→ **Task**: Every line below from the one containing "VENOM 2 PC, credit card skin & DEBIT CARD" through the one containing "Rockford Fosgate T1000-4" is to be printed exactly, with the pictures omitted.

→ **Information shown**:
▬▬▬▬▬▬

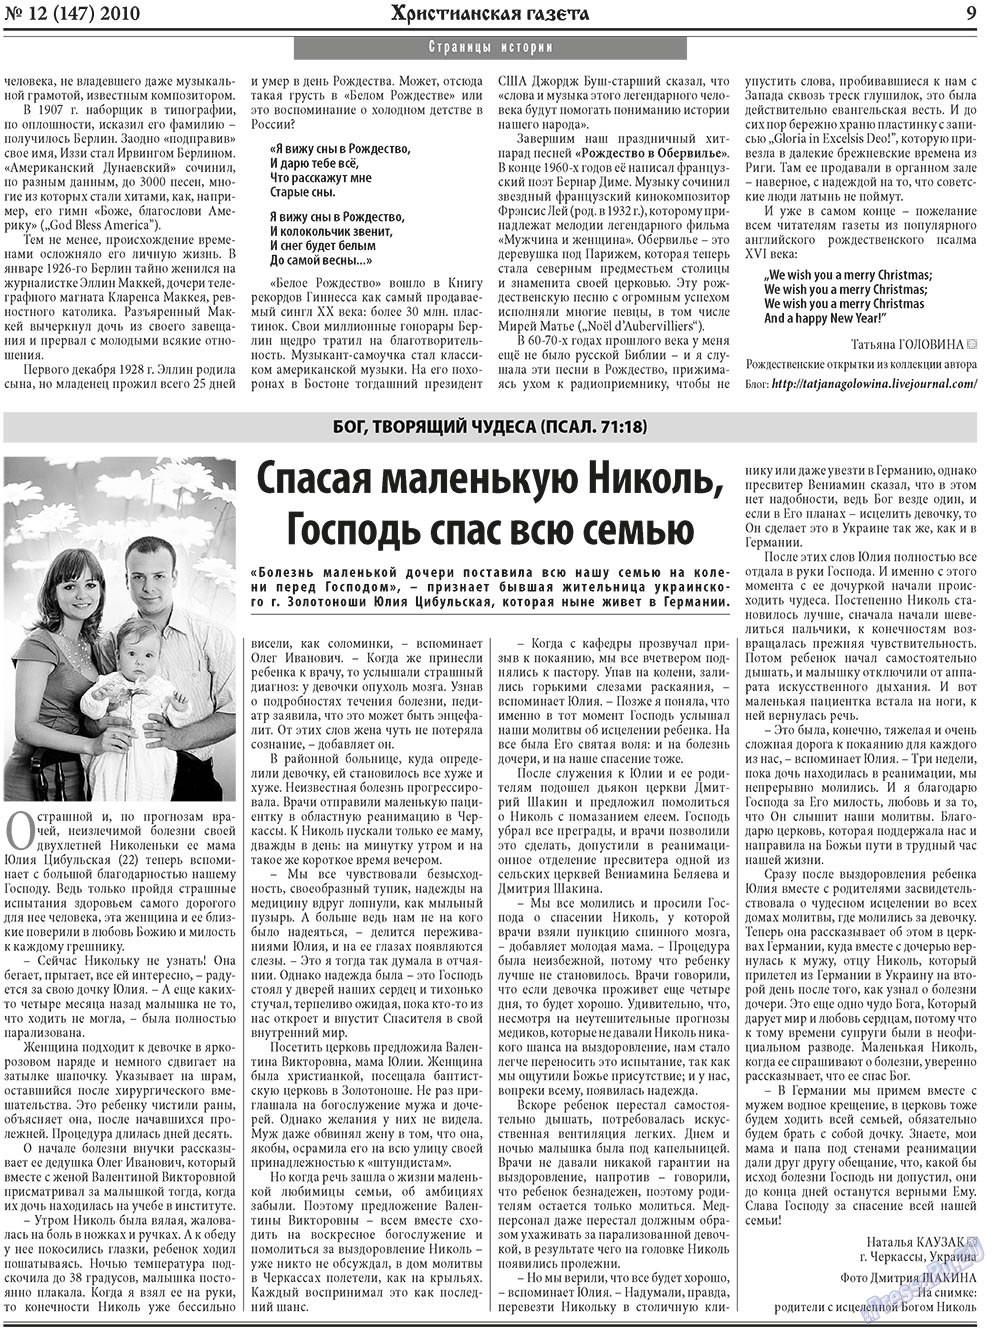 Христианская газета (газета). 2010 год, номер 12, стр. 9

▬▬▬▬▬▬

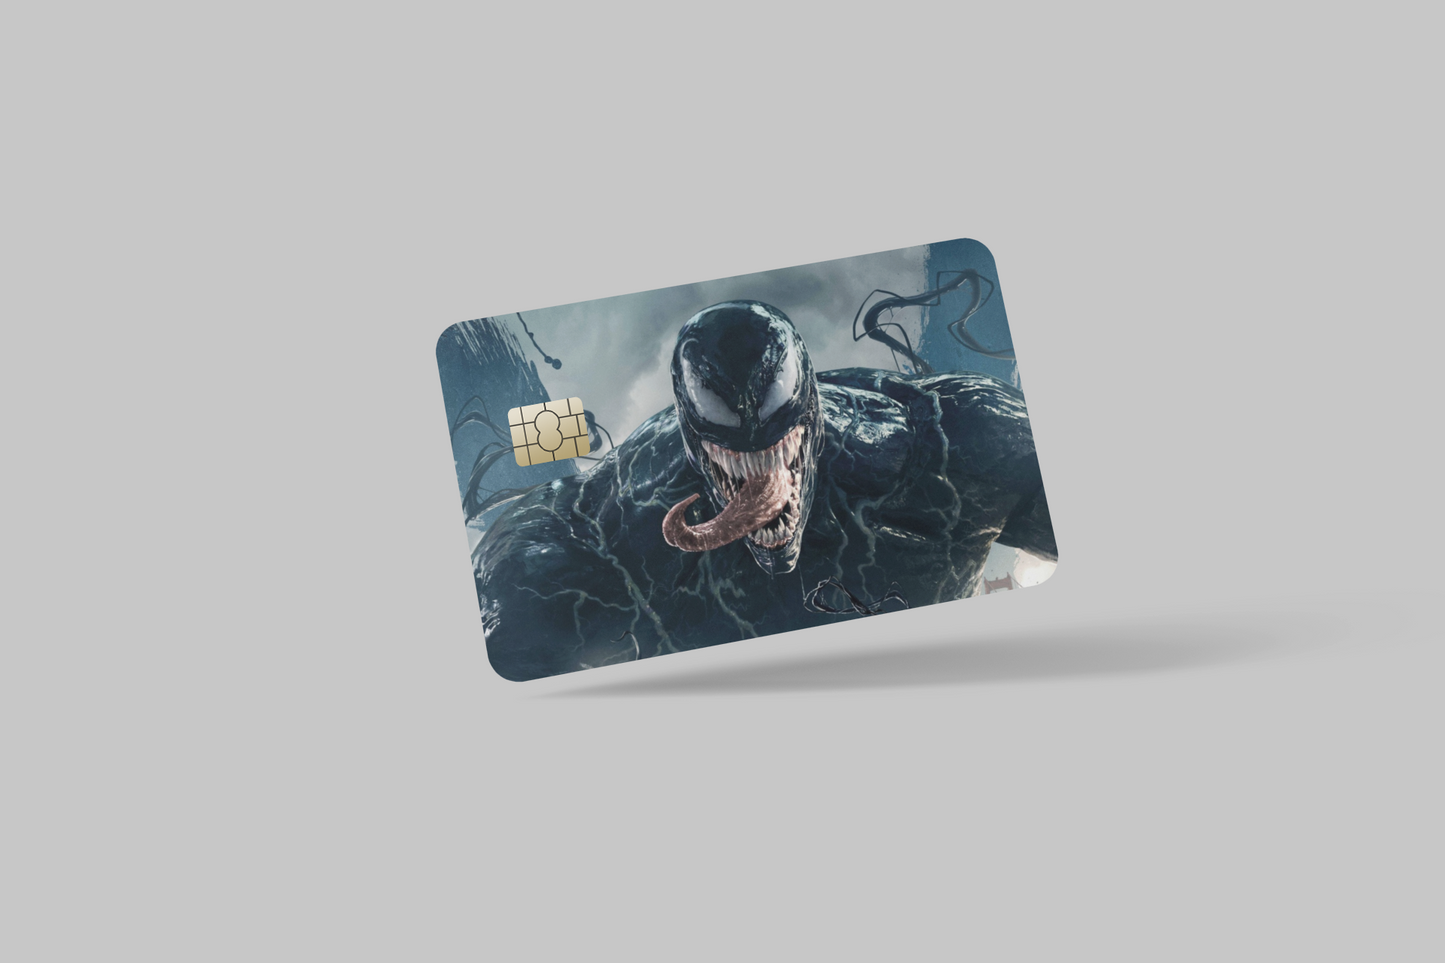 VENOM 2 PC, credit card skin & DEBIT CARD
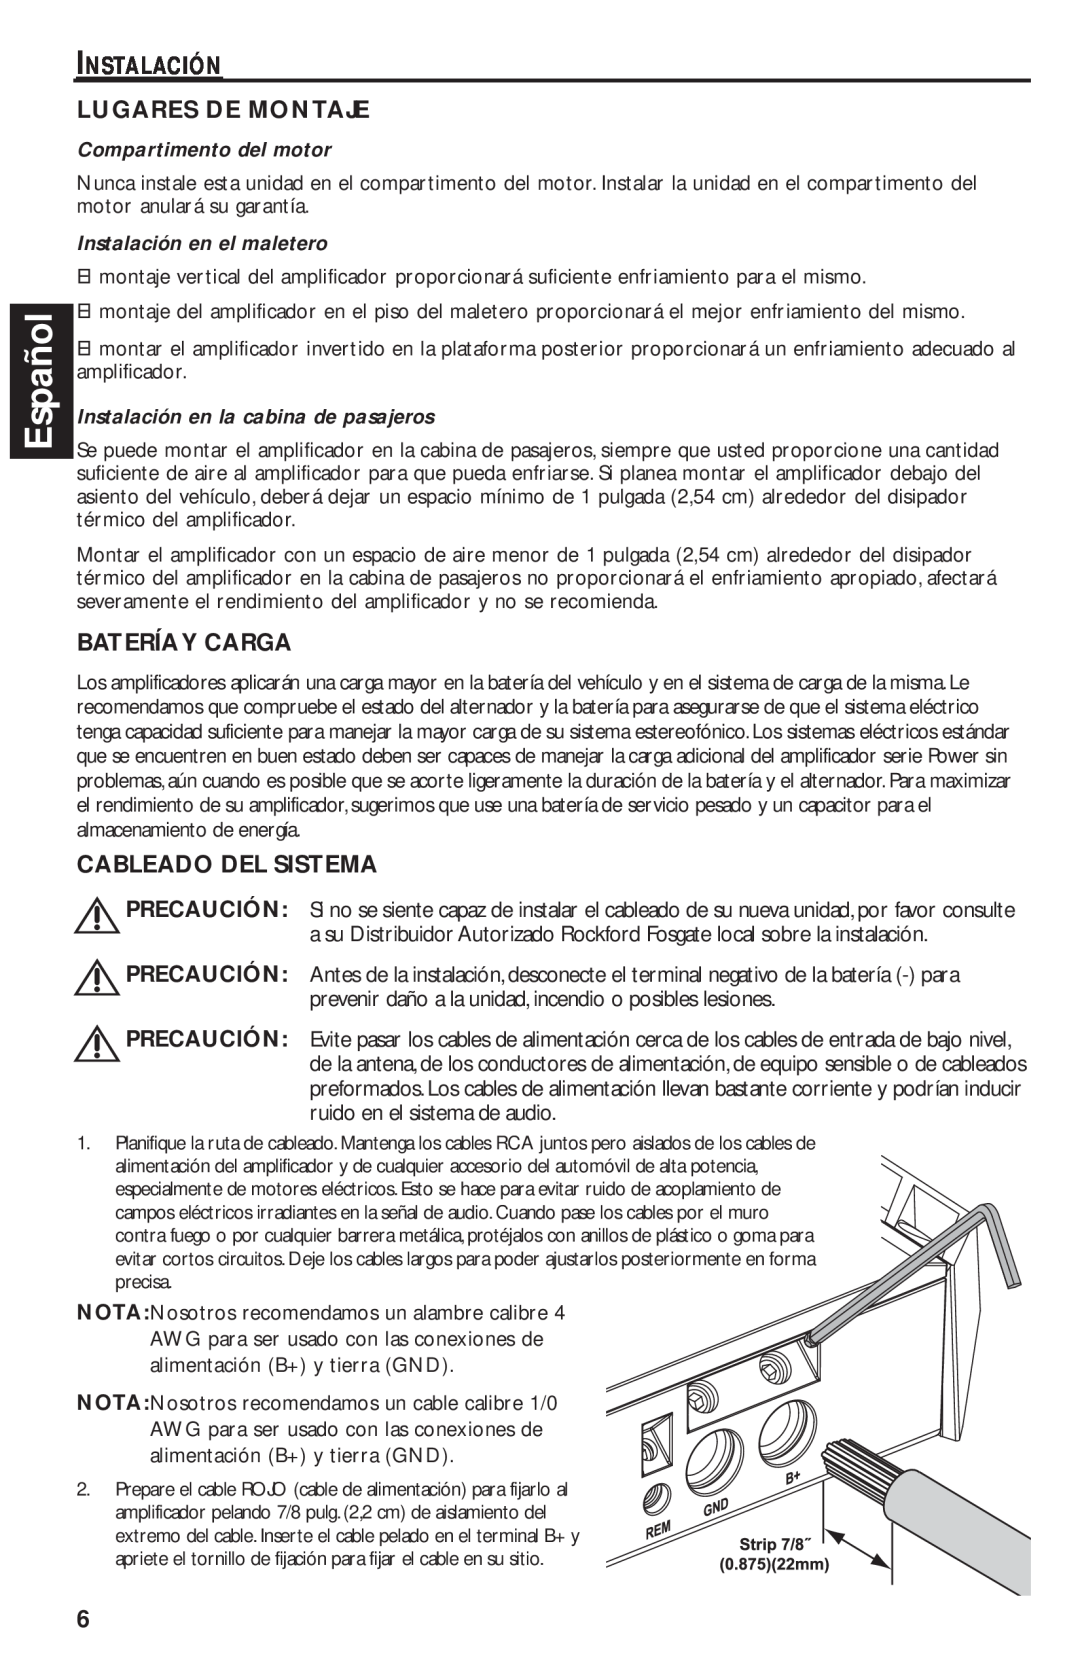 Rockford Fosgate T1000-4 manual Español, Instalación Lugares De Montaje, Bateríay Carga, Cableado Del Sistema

▬▬▬▬▬▬

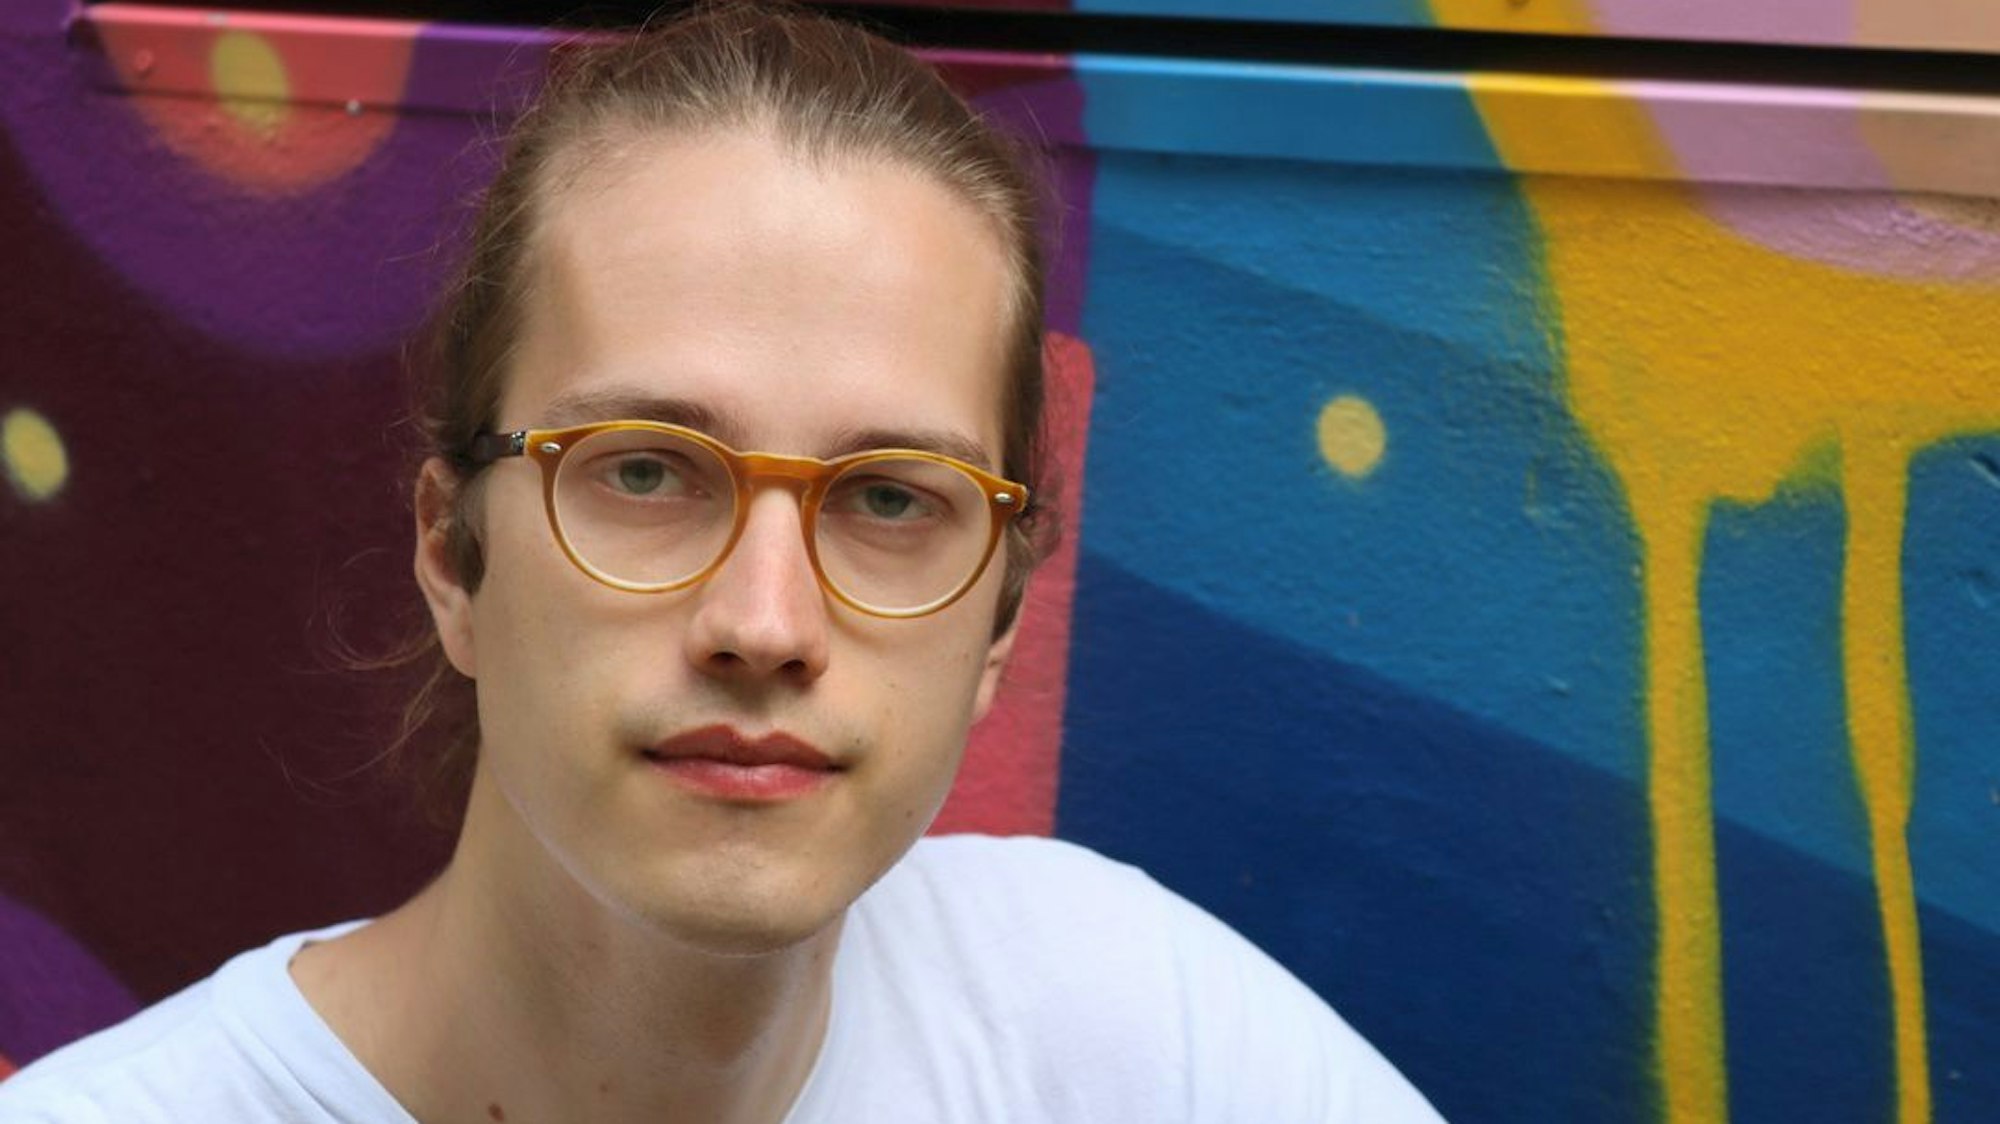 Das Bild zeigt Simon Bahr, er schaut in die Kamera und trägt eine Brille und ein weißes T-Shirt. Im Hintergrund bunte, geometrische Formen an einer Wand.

▬▬▬▬▬▬

→ **Result below**:
 VENOM 2 PC, credit card skin & DEBIT CARD
 Rockford Fosgate T1000-4 manual Español, Instalación Lugares De Montaje, Bateríay Carga, Cableado Del Sistema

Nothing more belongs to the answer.